REQUIREMENT:
Your task is to return the listing below word for word, without any of its images.

INPUT DATA:
########################################

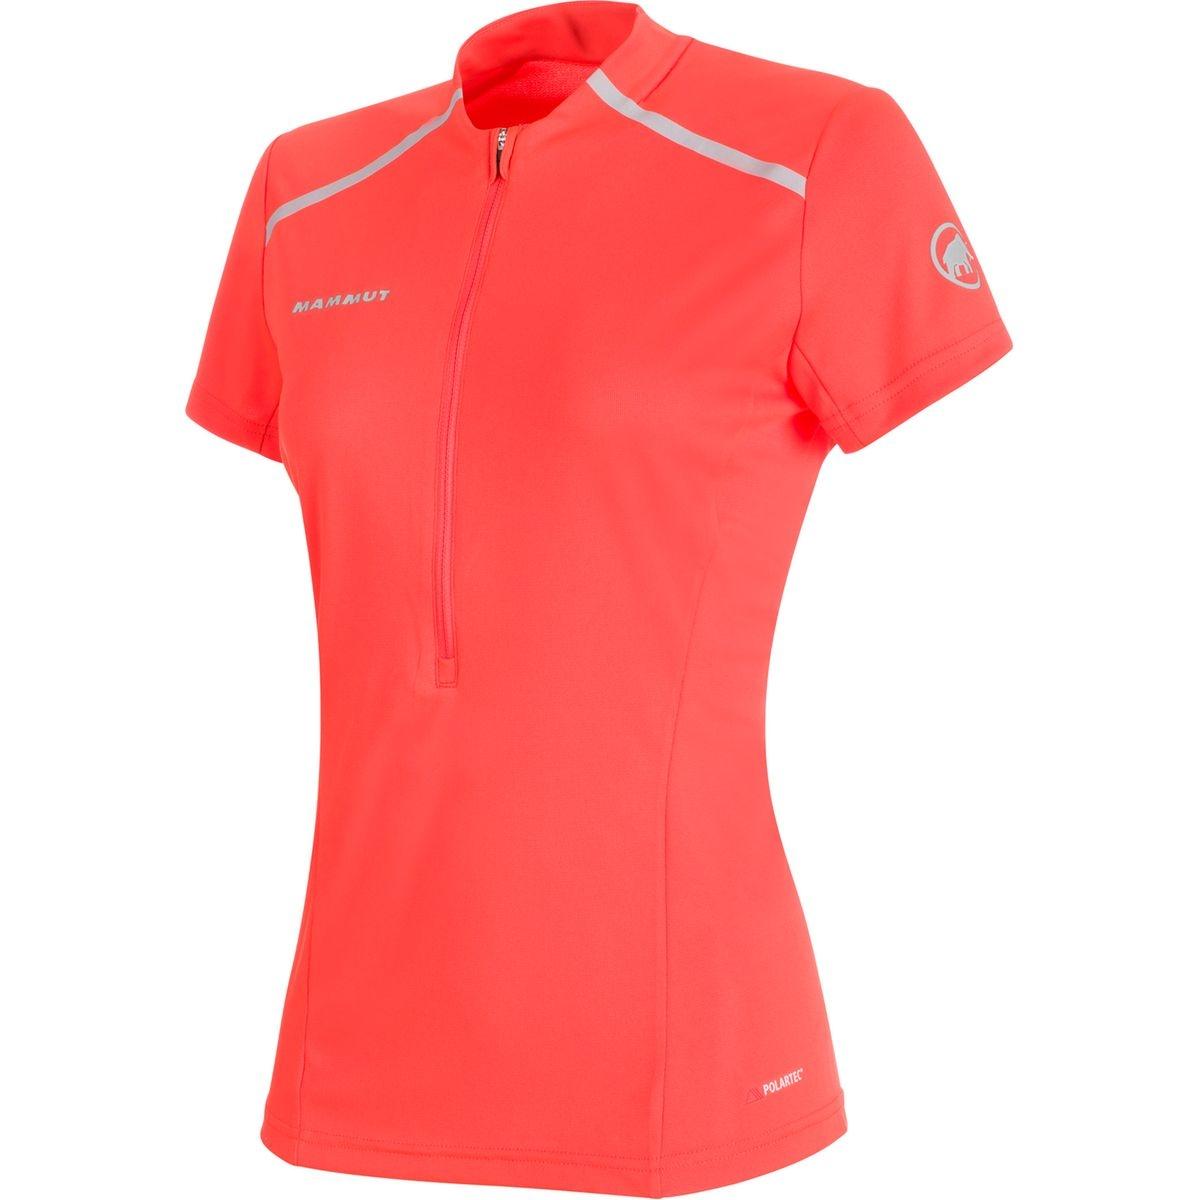 Atacazo Light - T-shirt manches courtes Femme - rouge
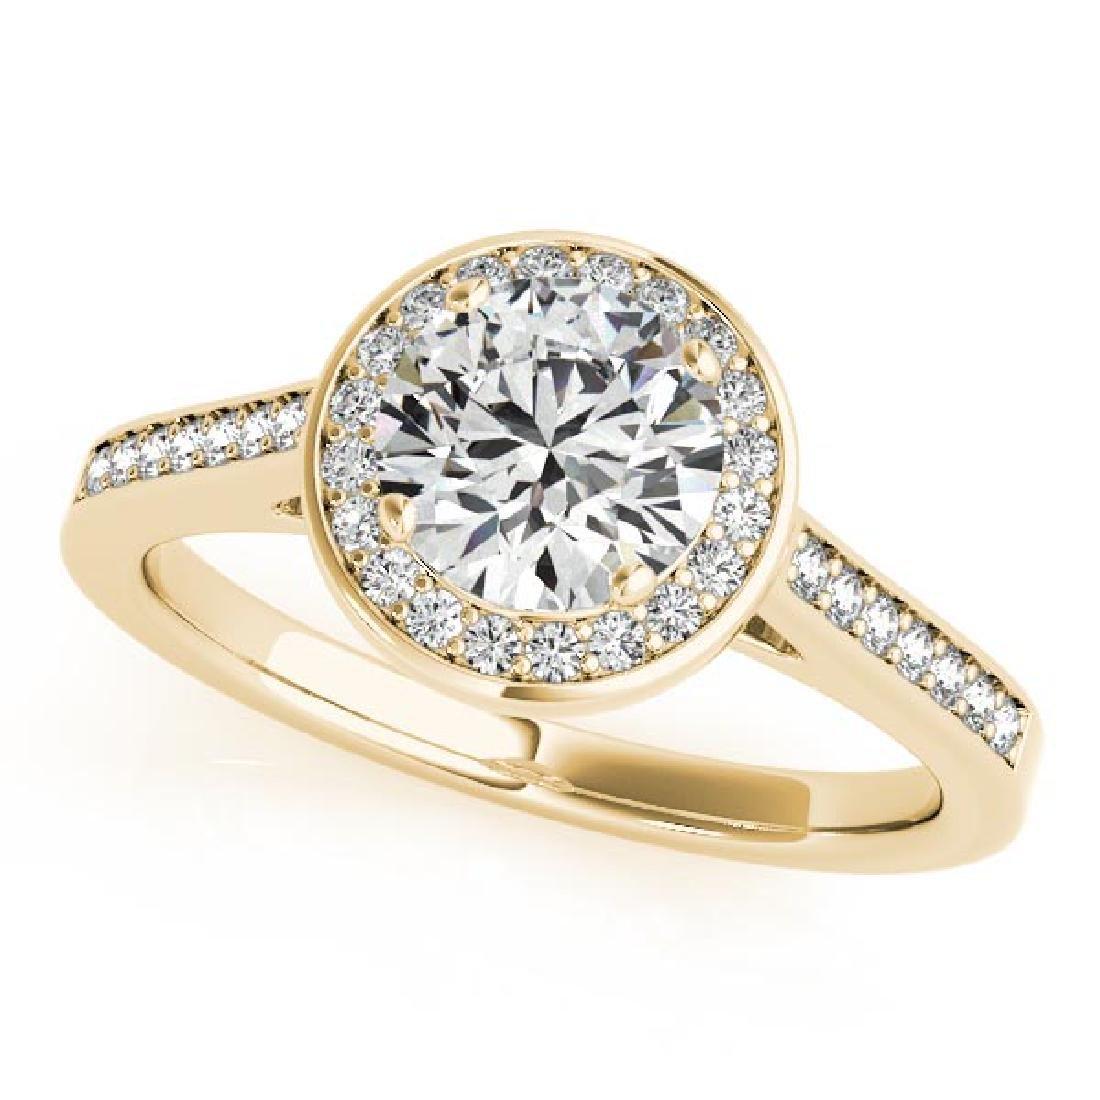 CERTIFIED 18K YELLOW GOLD 1.18 CT G-H/VS-SI1 DIAMOND HA
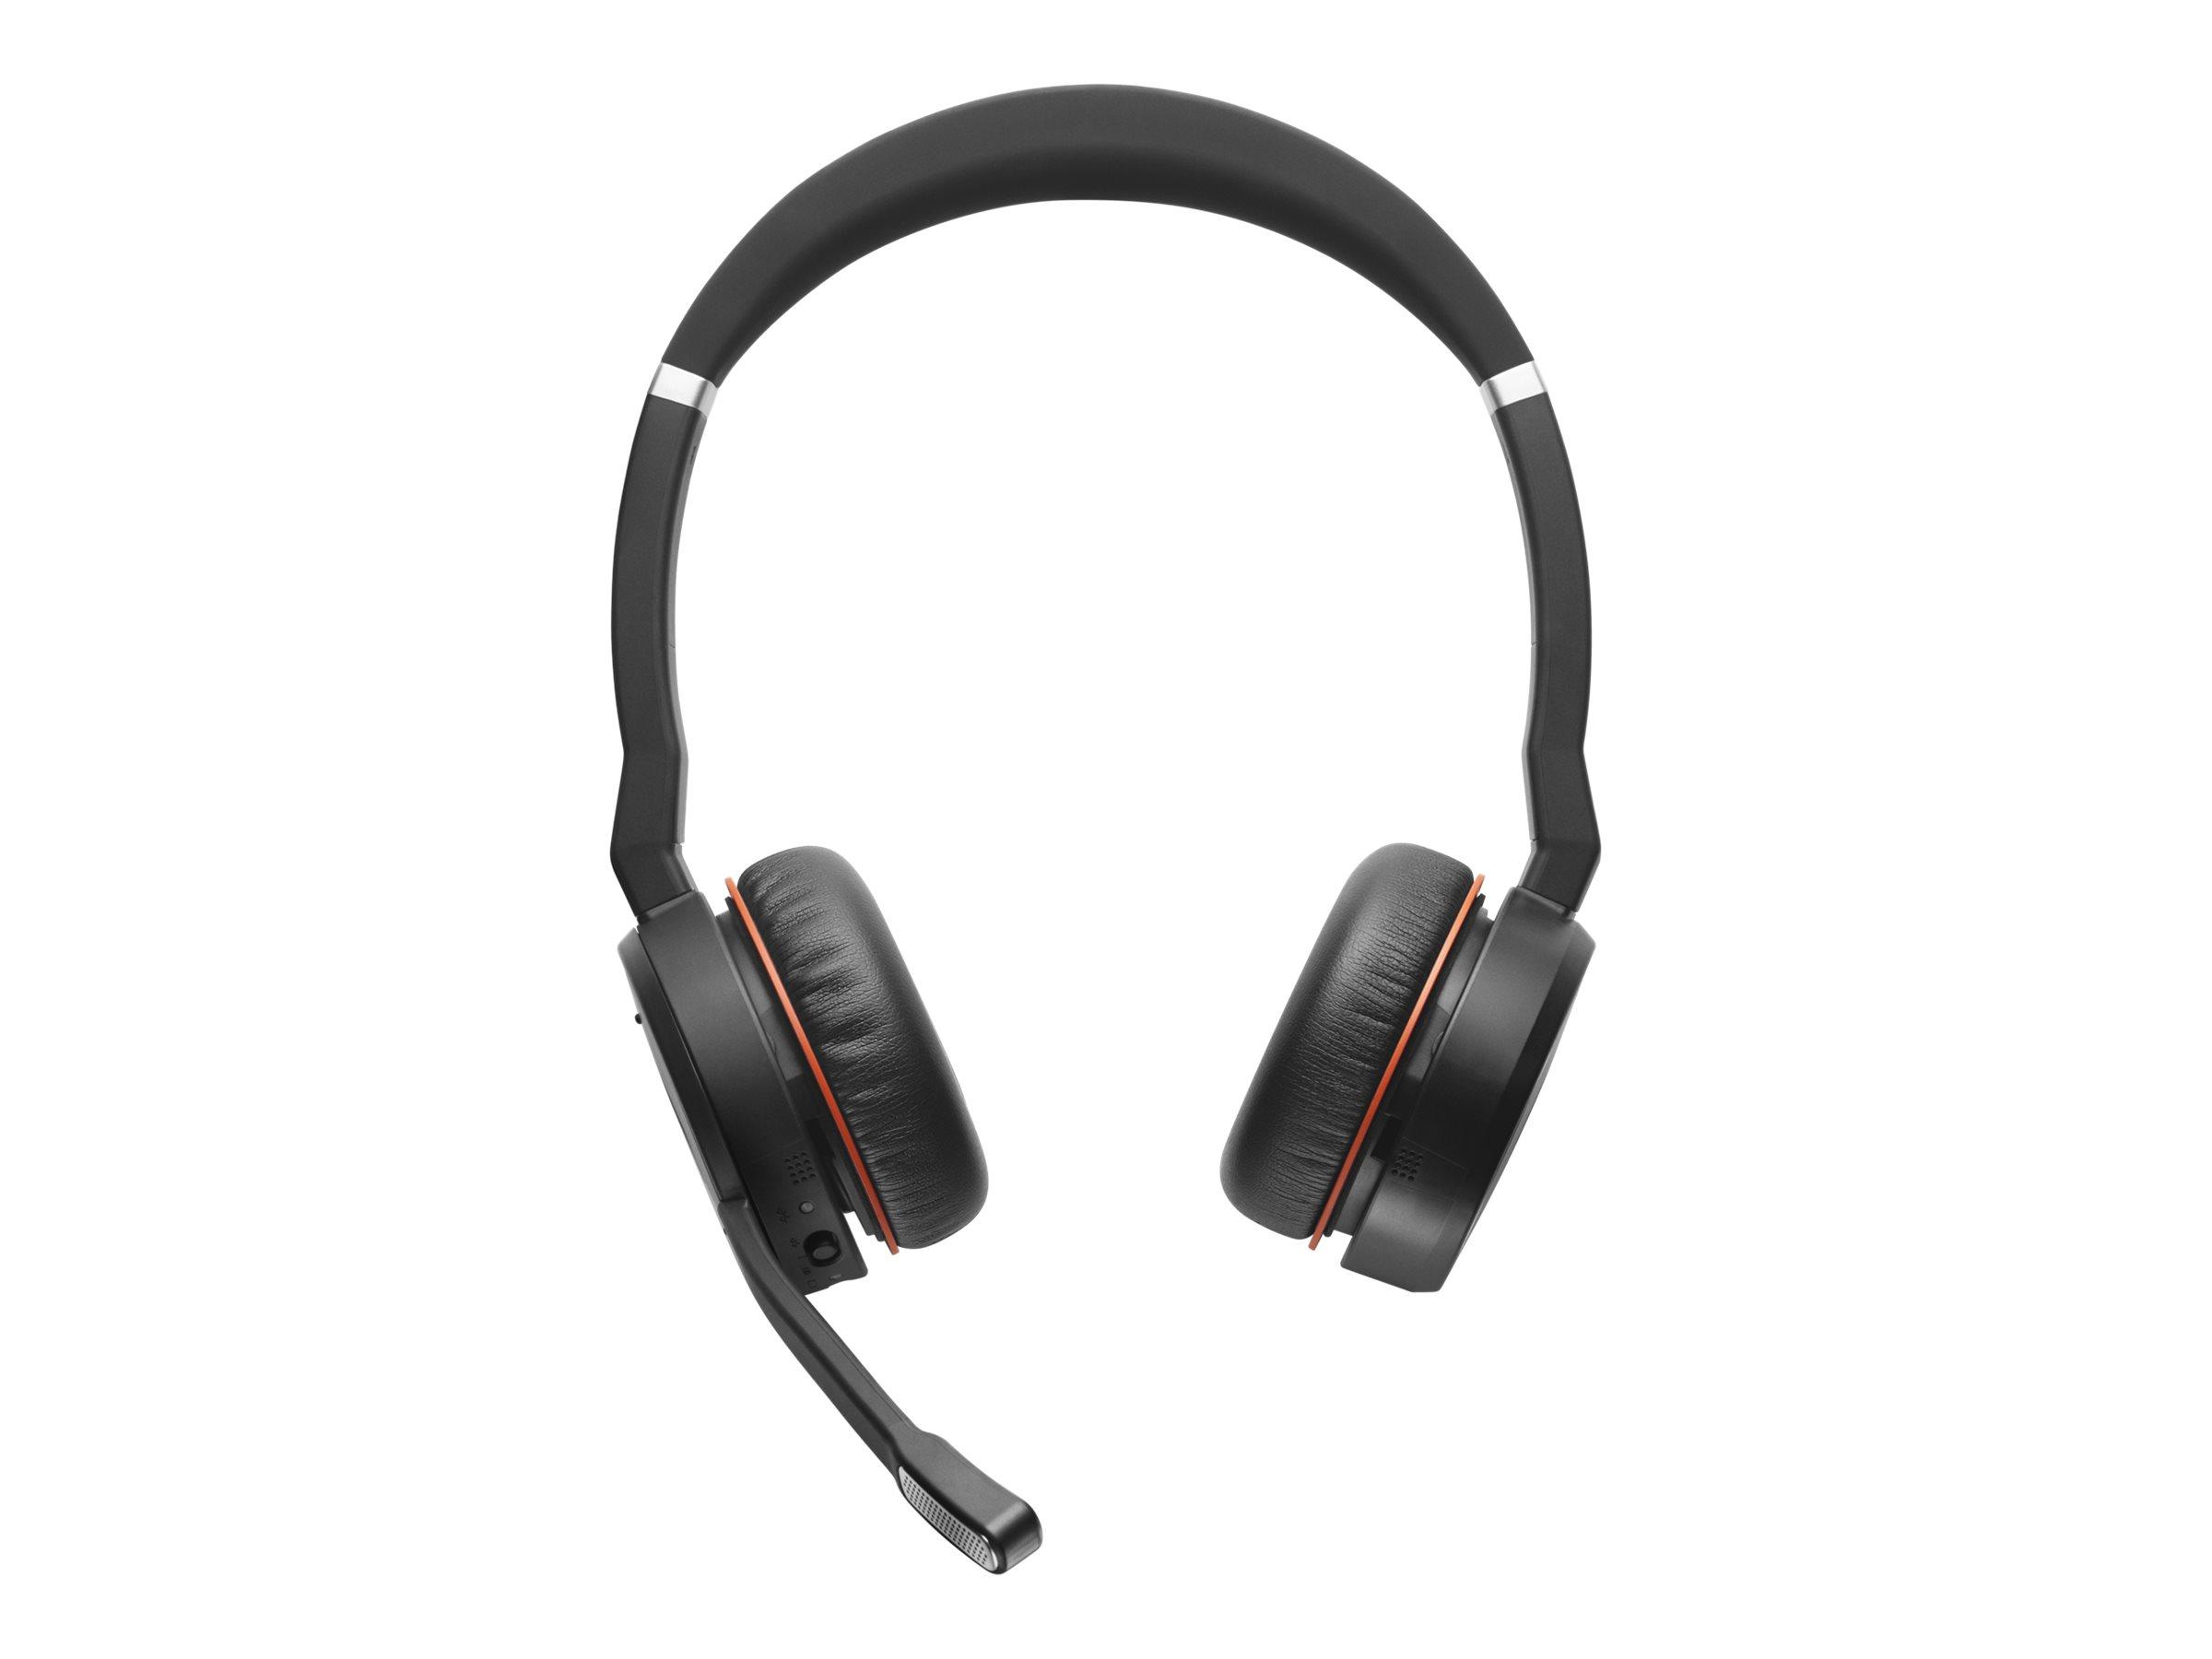 Jabra Evolve 75 MS Stereo - Headset - On-Ear - Bluetooth - kabellos - aktive Rauschunterdrückung

########################################

COMPLETED TASK:
 Atacazo Light - T-shirt manches courtes Femme - rouge
 CERTIFIED 18K YELLOW GOLD 1.18 CT G-H/VS-SI1 DIAMOND HA
 Jabra Evolve 75 MS Stereo - Headset - On-Ear - Bluetooth - kabellos - aktive Rauschunterdrückung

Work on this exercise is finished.